Рыбин по-уставному щёлкнул каблуками сапог, и в мгновение ока, при помощи обычного ремня «обработал» полковника. Подхватив свободный конец, он потащил Хрусталёва в коридор.
В этот момент в коридоре зазвонил телефон. Браилов энергично «настиг» аппарат, и овладел трубкой. Заслушав «другой конец провода», он вернулся в залу. Будить Хозяина не потребовалось: тому самому не терпелось узнать, как всё разворачивается и чем закончится.
– Товарищ Сталин, Круглов докладывает, что он отменил приказ Берии о выдвижении полка внутренних войск из Лефортовских казарм в направлении Кремля. Командир полка и начальник штаба проявили благоразумие: сдали оружие и всех подельников. Приказ командиру дивизии корпуса внутренних войск имени маршала Берии ещё не отдавался. Но Круглов послал туда надёжных людей для того, чтобы они нейтрализовали корпусное и дивизионное командование. Сам Круглов через десять минут будет здесь: он звонил из машины.
Браилов перевёл дыхание.
– От Жукова…
В этот момент телефон вновь «ожил».
– Товарищ Сталин?
Хозяин веками «дал добро». Семён Ильич стремительно вышел из залы, чтобы спустя тридцать секунд также стремительно войти в неё.
– Маршал Жуков докладывает, что лефортовский полк блокирован верными ему войсками…
Семён Ильич скривился, недовольный сам собой: неудачной конструкцией предложения он лишний раз дал повод Хозяину для скепсиса в адрес своевольного маршала. Оставалось лишь надеяться на то, что Хозяин сочтёт возможным не обратить внимание.
– «Верными ему войсками»…
Надежда оказалась несостоятельной.
– Что ж, если войска верны ему, то он верен сам себе…

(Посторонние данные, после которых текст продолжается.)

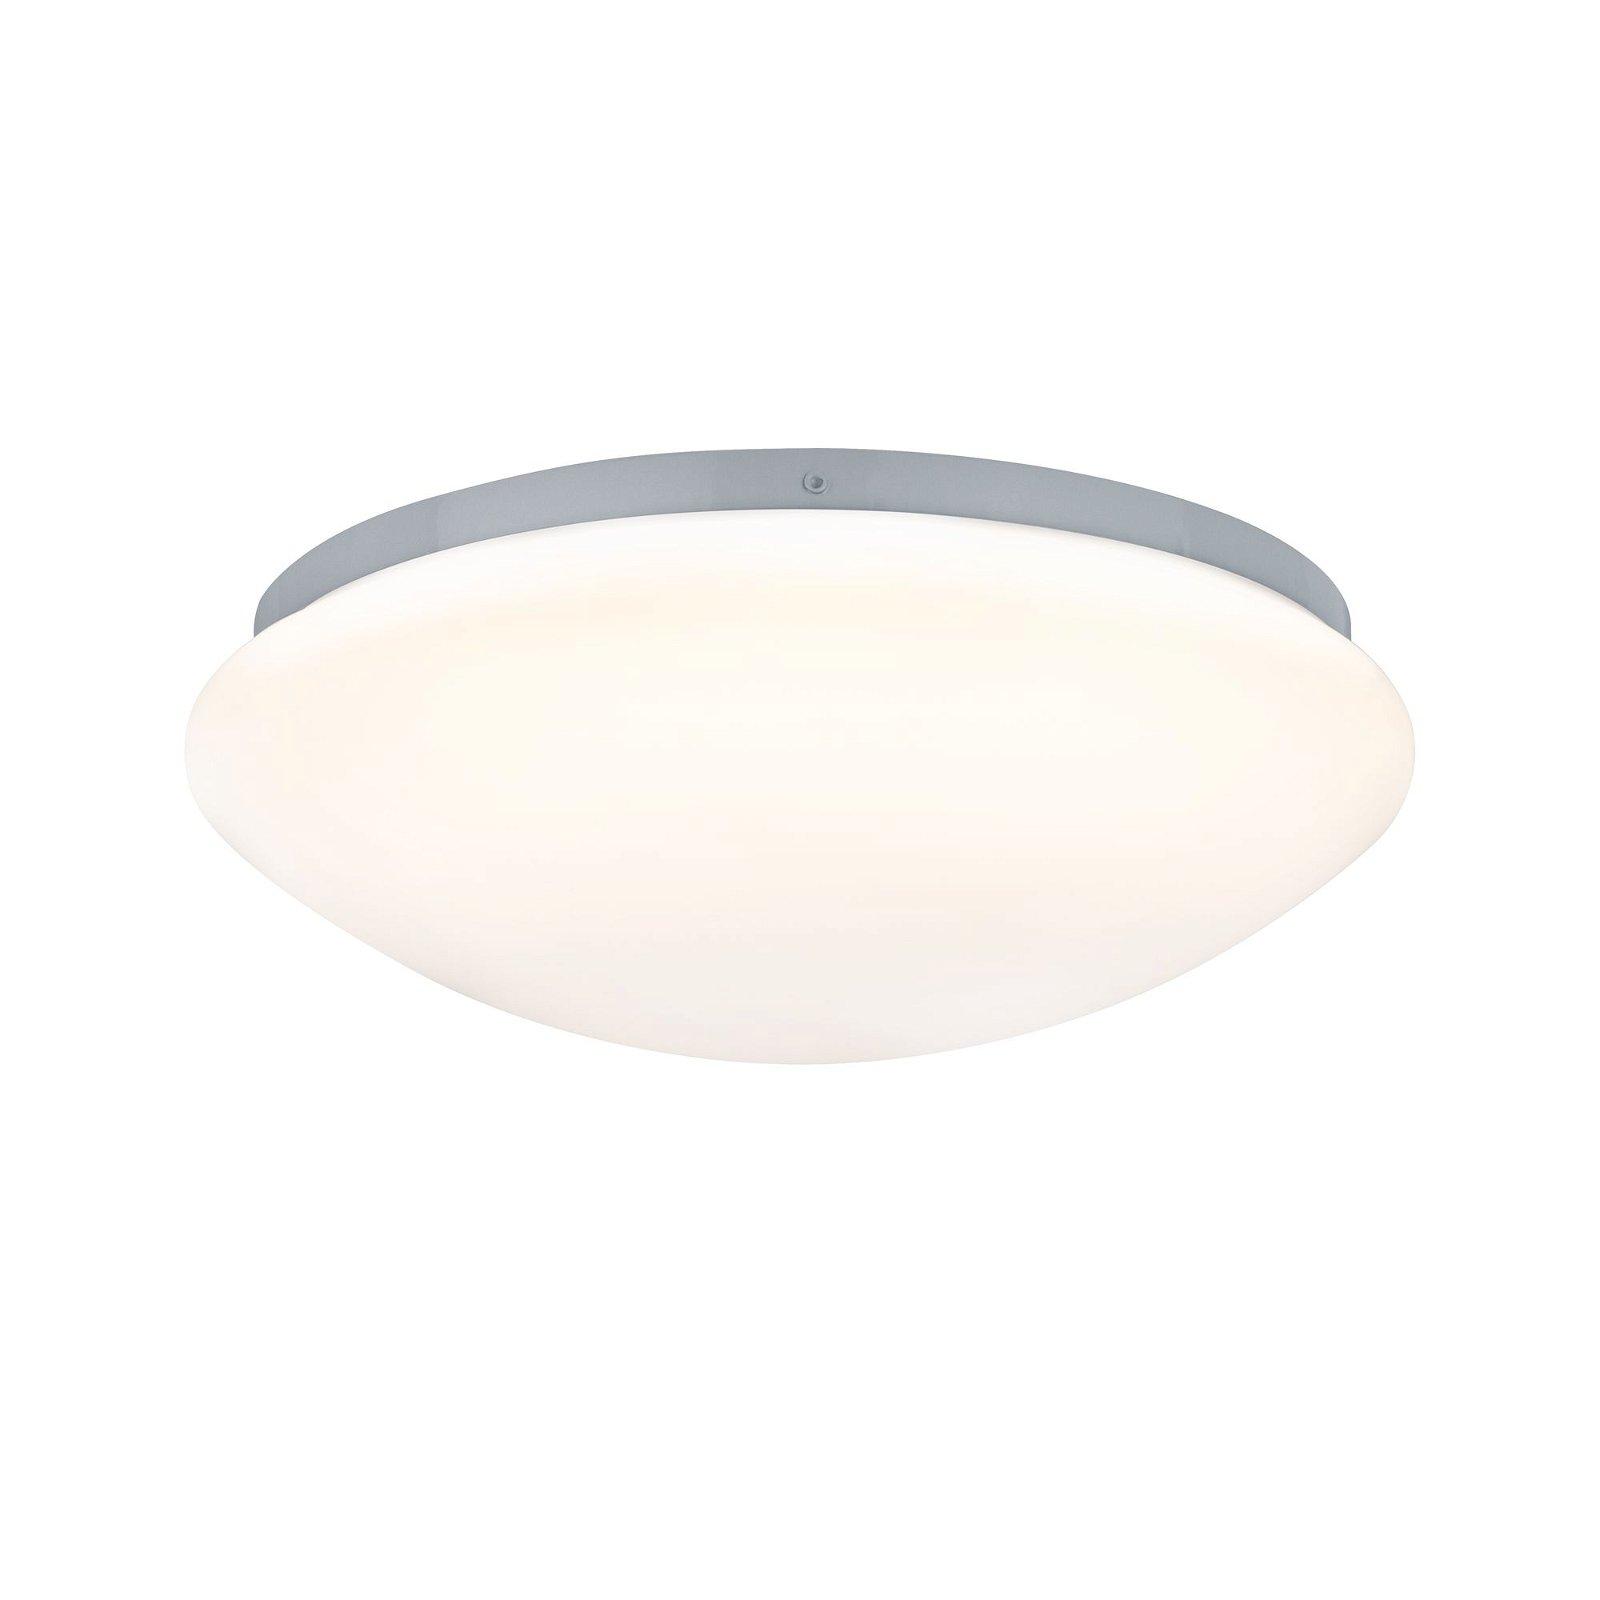 LED Deckenleuchte Leonis IP44 2700K 1200lm 230V 9,5W Weiß

Сталин явно намекал на болезненное тщеславие и бонапартизм заслуженного военачальника. Хорошо ещё, что по причине общей слабости он не стал развивать тему: экономил силы и слова. Впрок – для более удобного случая. Хотя для такого дела он любой случай мог сделать удобным.
Воспользовавшись паузой, Браилов продолжил доклад:
– Жуков сказал, что он звонит из авто маршала Василевского. То есть, он уже в дороге, и будет здесь практически одновременно с генералом Кругловым.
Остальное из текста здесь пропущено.